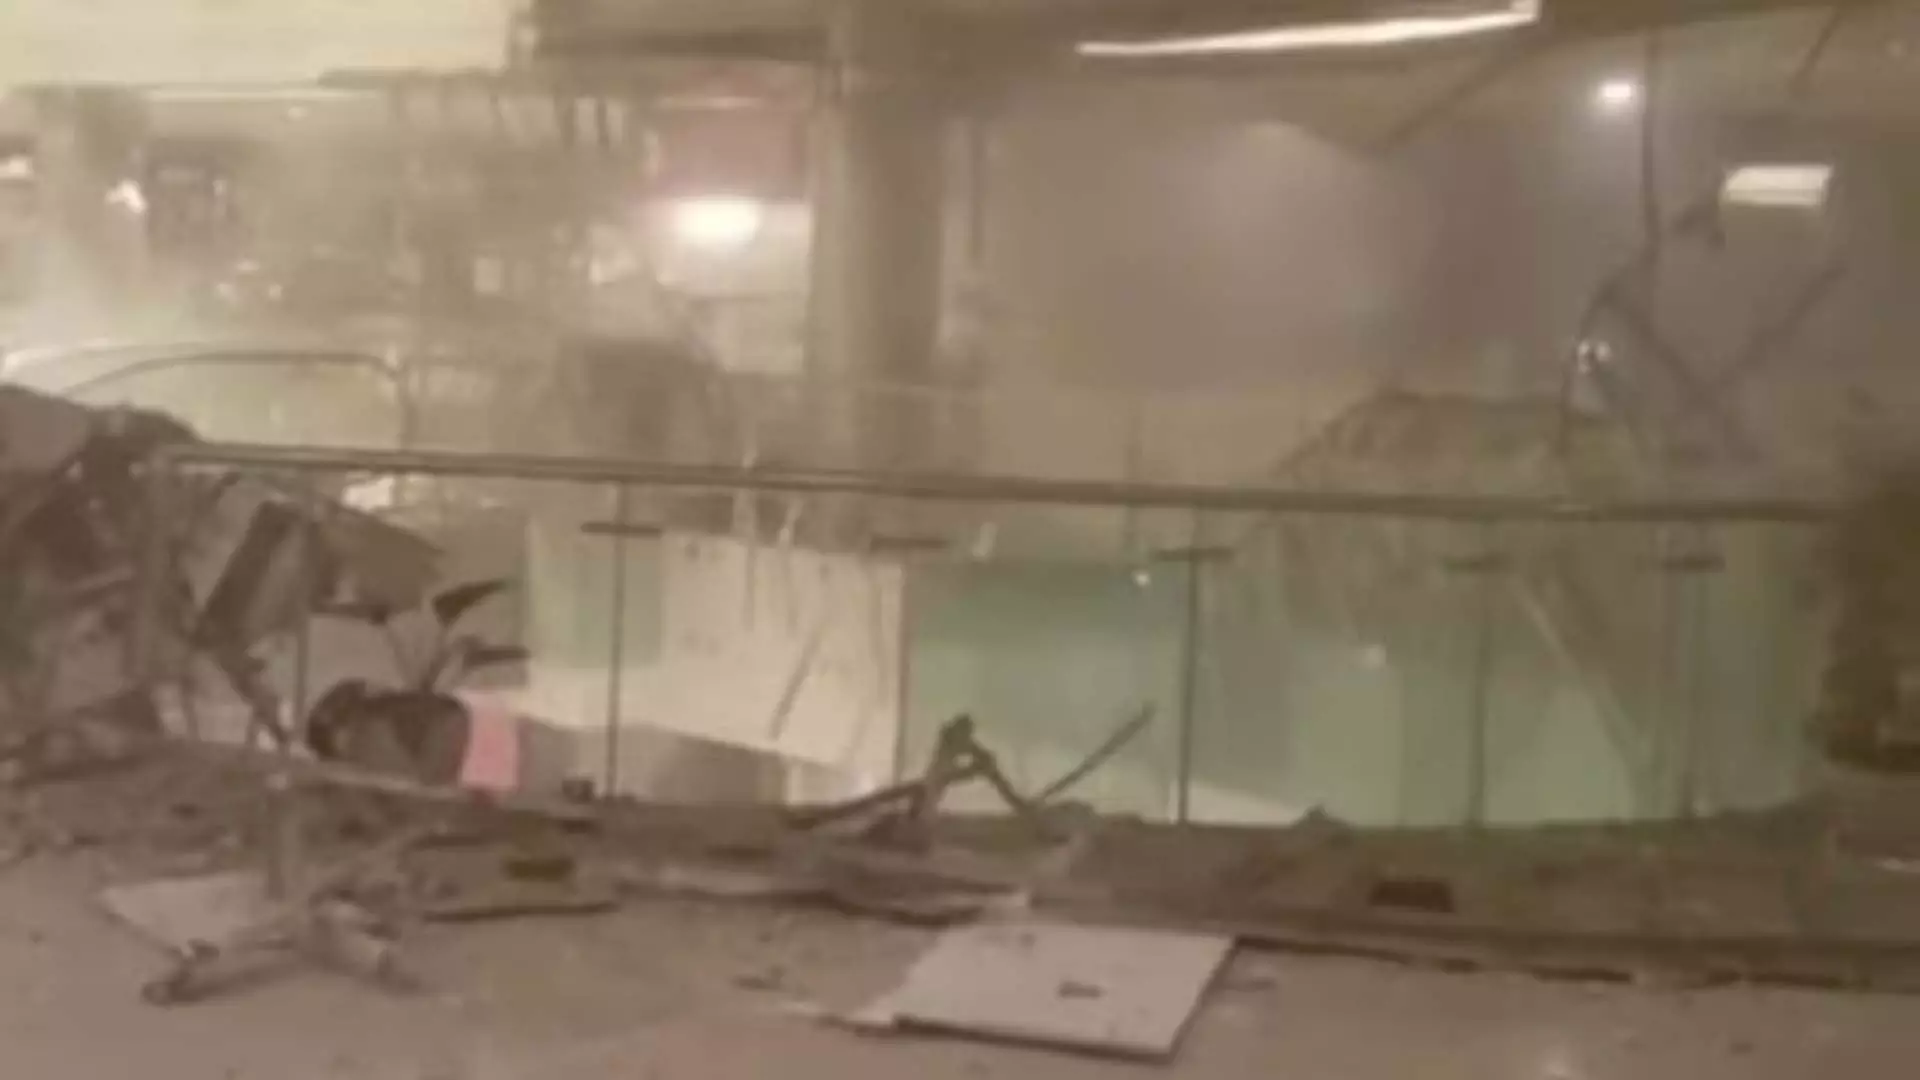 वीडियो में दिल्ली के एंबिएंस मॉल की क्षतिग्रस्त छत दिखाई गई
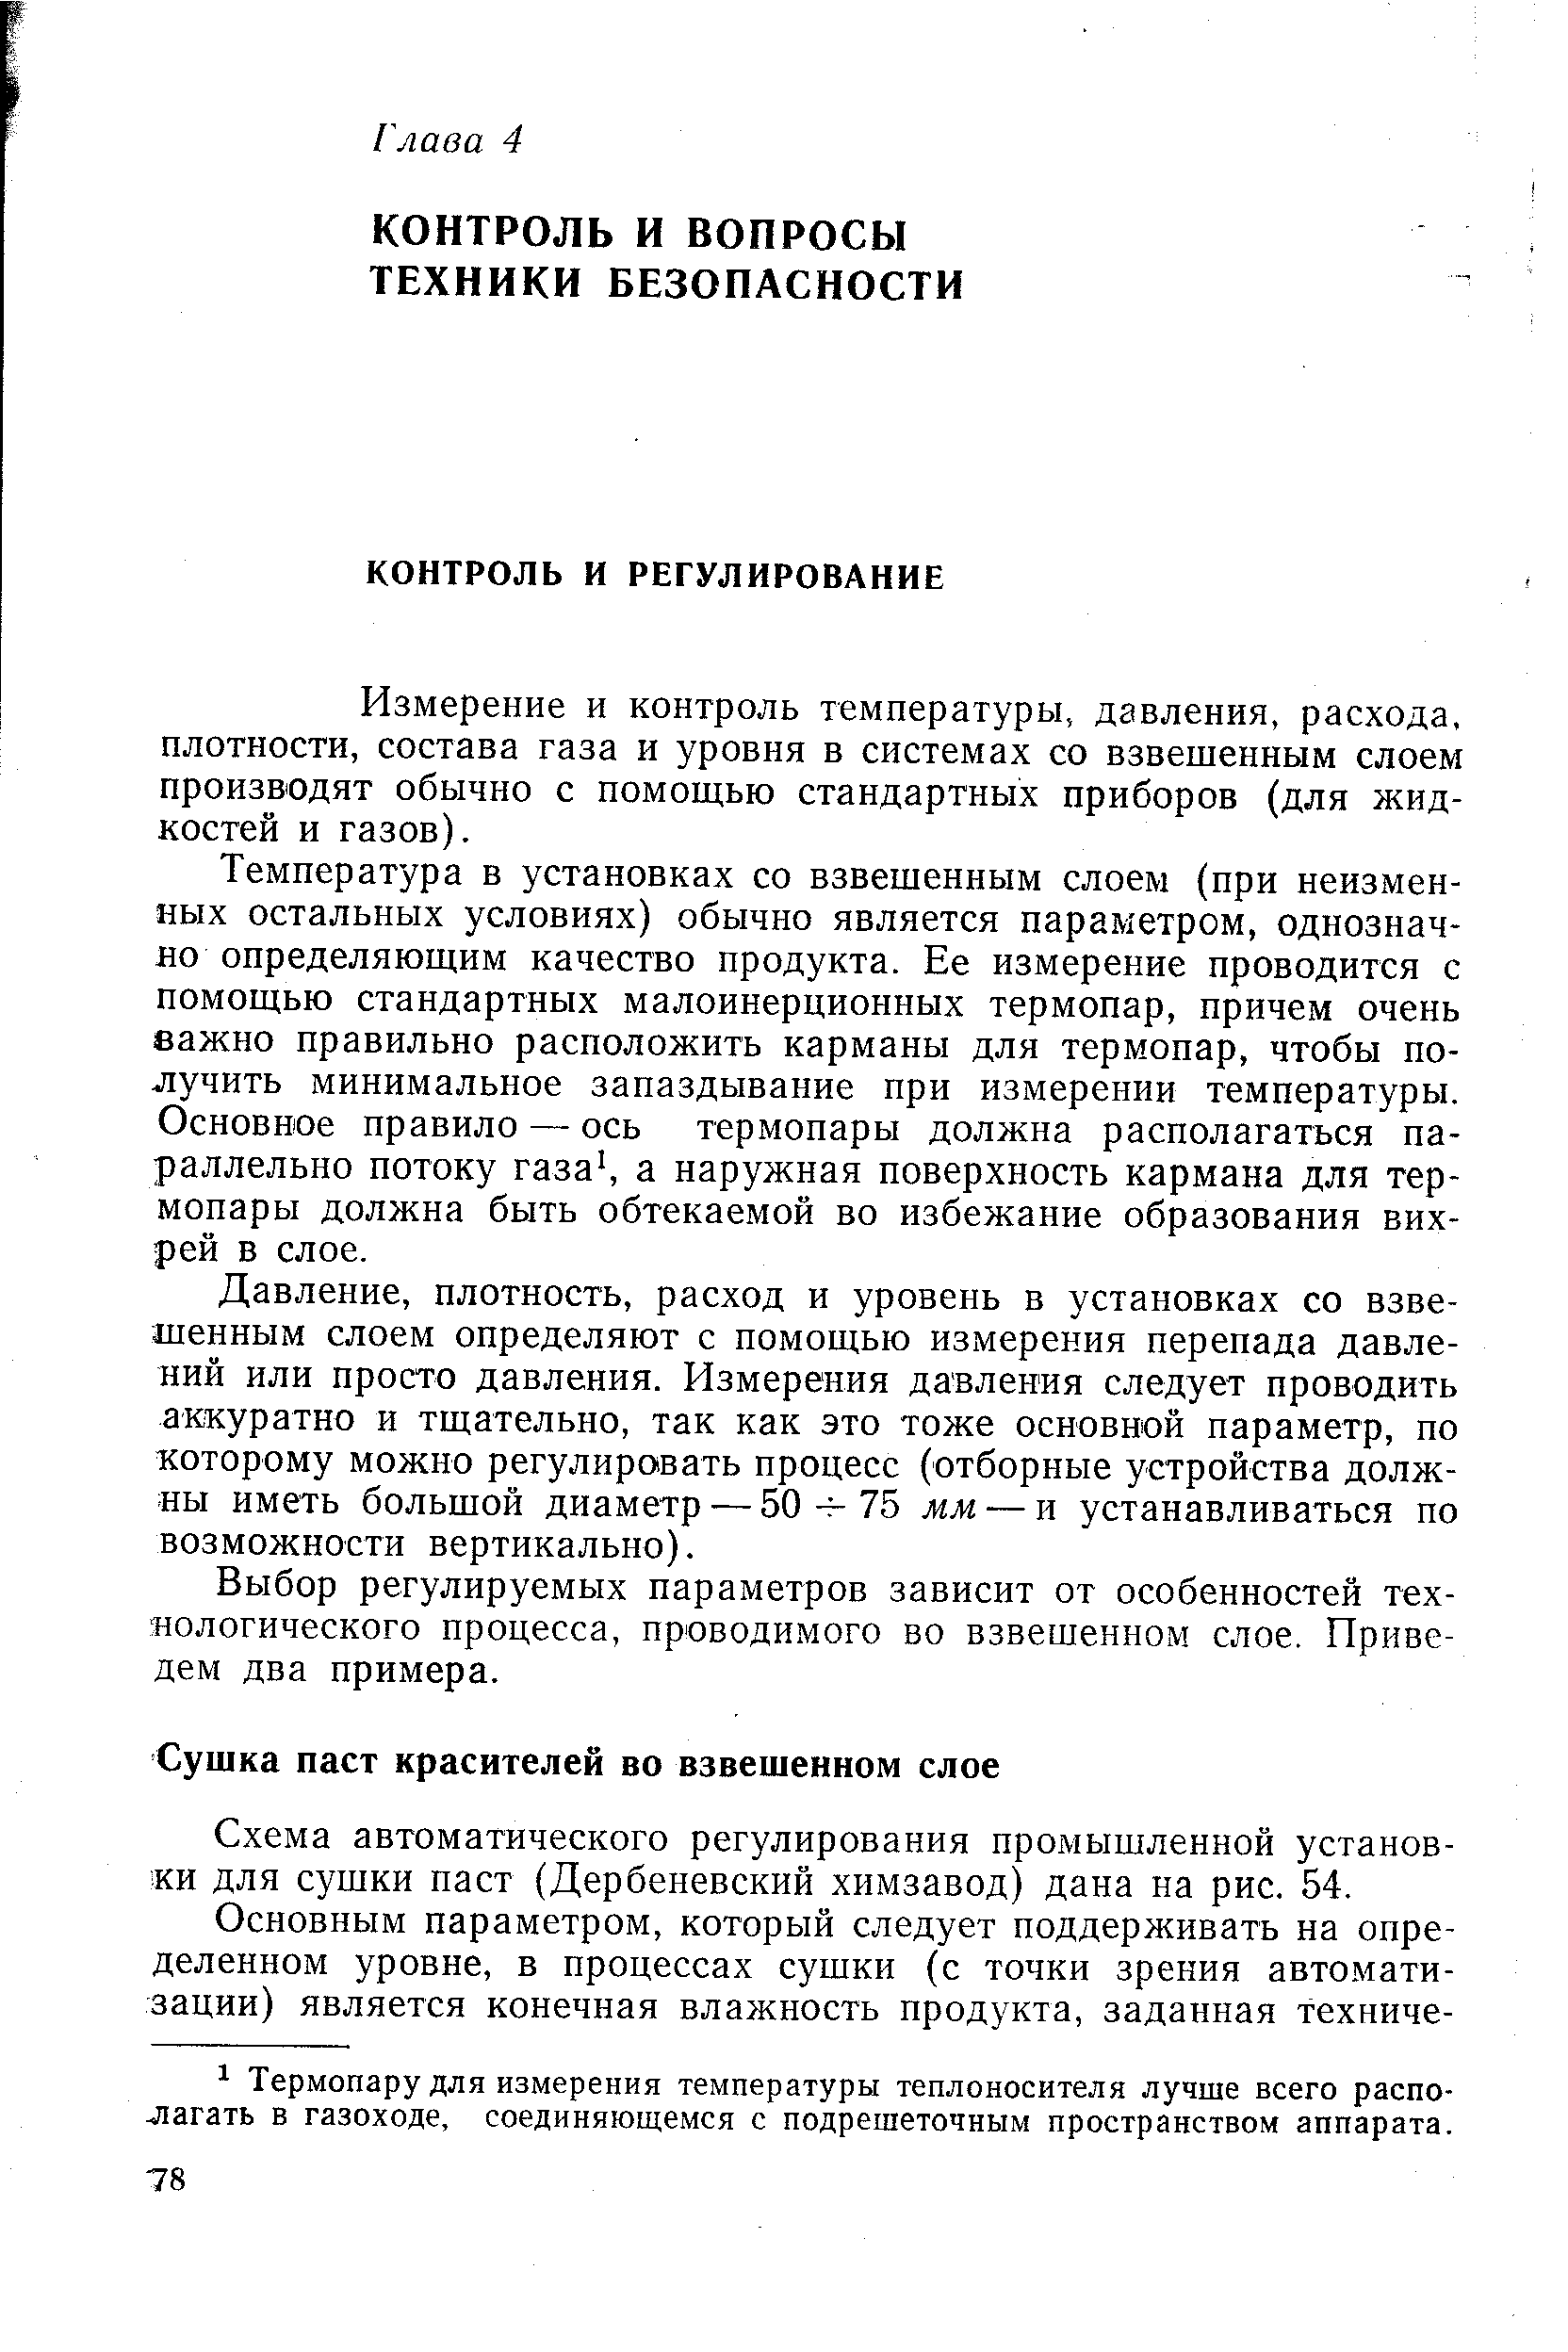 Схема автоматического регулирования промышленной установки для сушки паст (Дербеневский химзавод) дана на рис. 54.
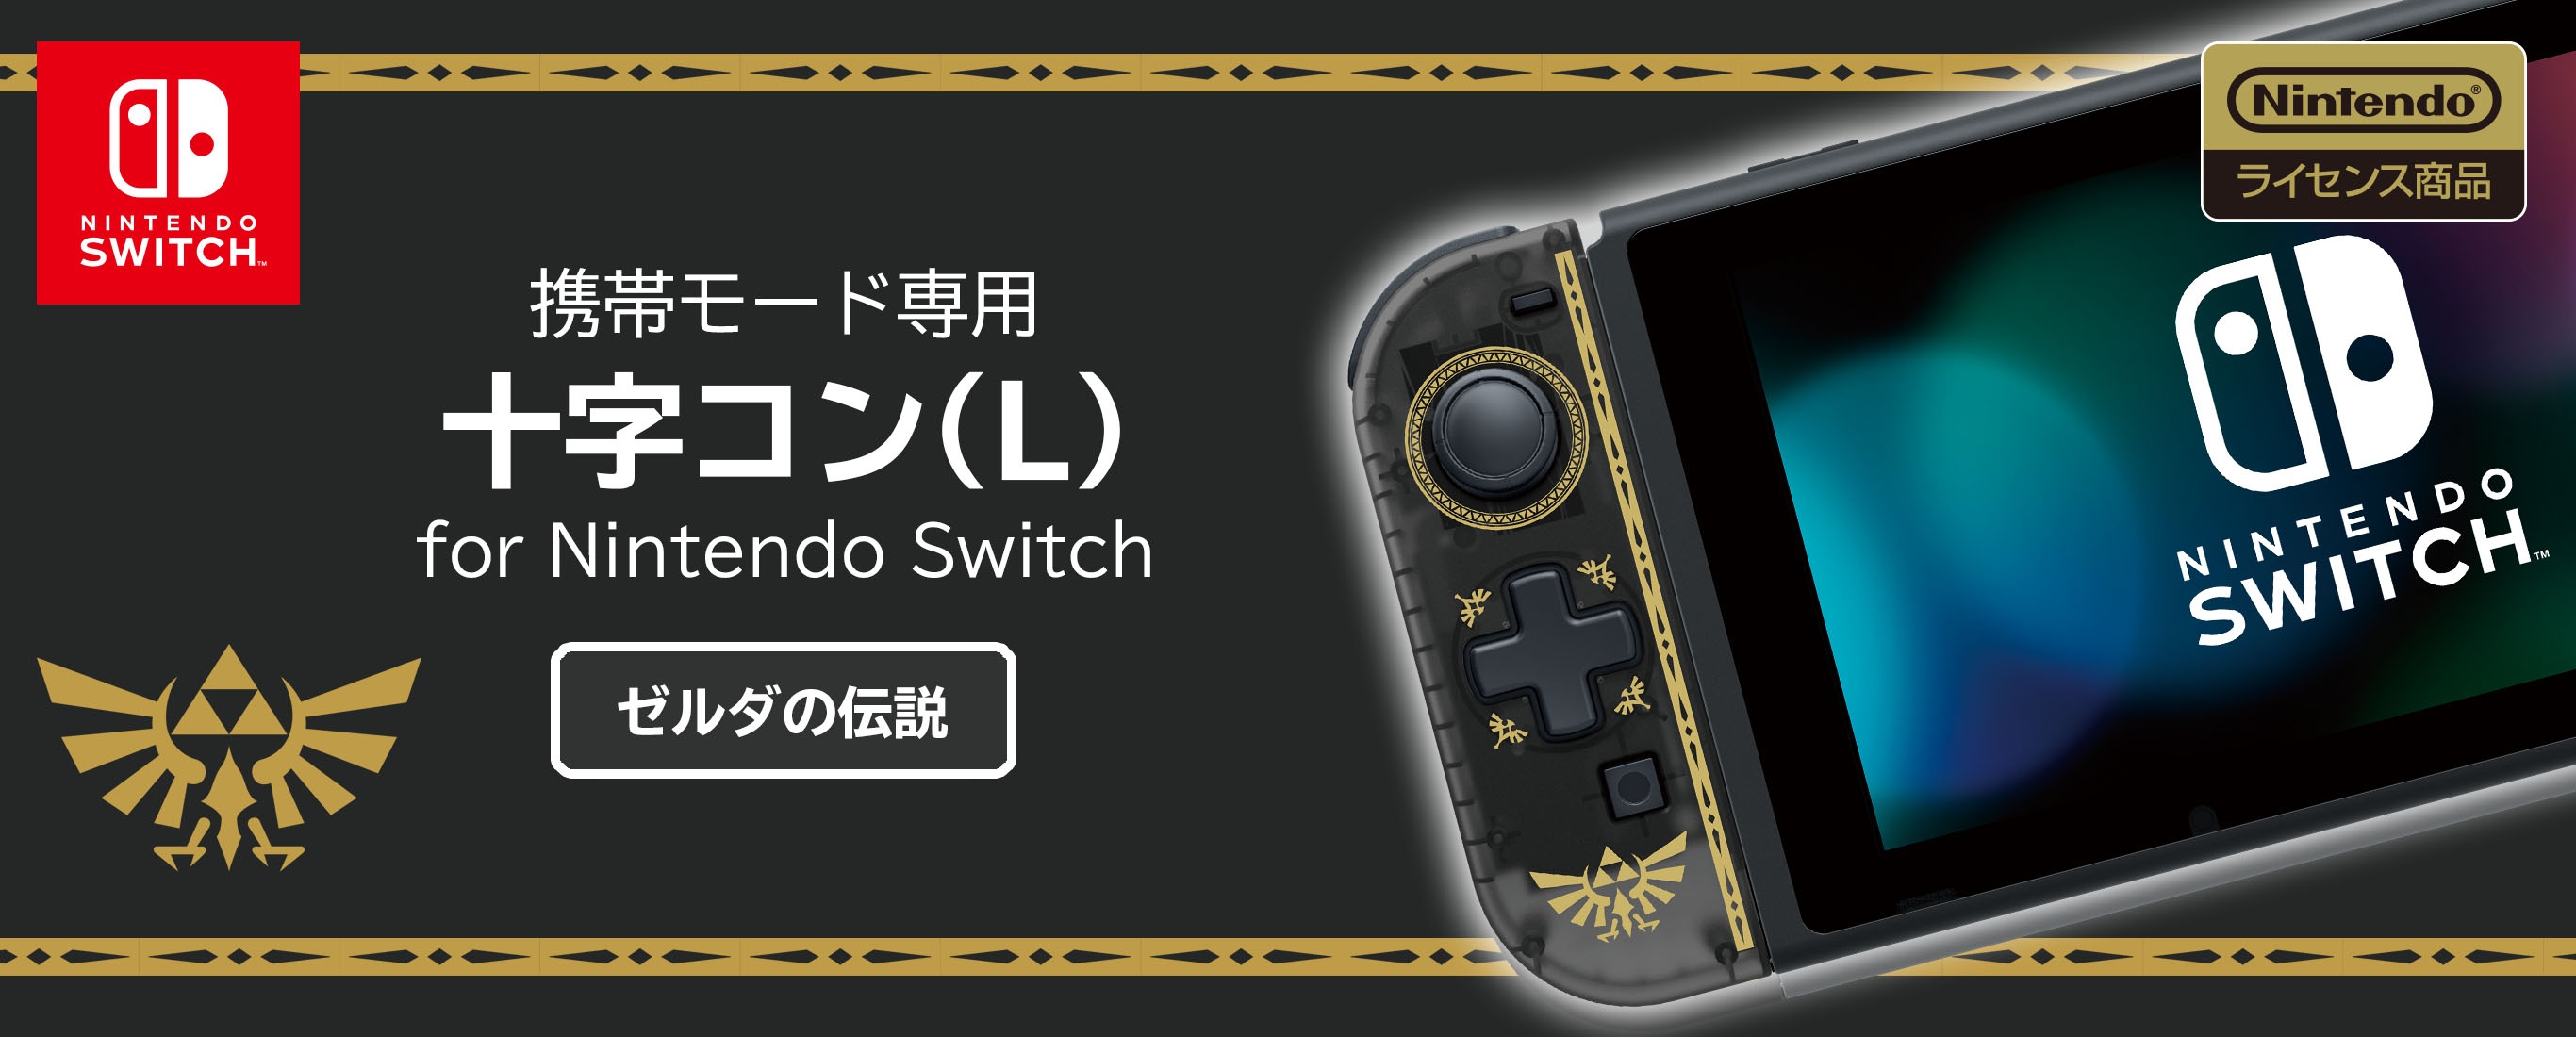 株式会社 Hori 携帯モード専用 十字コン L For Nintendo Switch ゼルダの伝説

────────

Work instruction - Every line from the one containing "Схема автоматического регулирования" through the last line of the listing must be written out again exactly, and no other line. Leave the pictures aside.

Answer to the problem -
 Схема автоматического регулирования промышленной установки для сушки паст (Дербеневский химзавод) дана на рис. 54.
 株式会社 Hori 携帯モード専用 十字コン L For Nintendo Switch ゼルダの伝説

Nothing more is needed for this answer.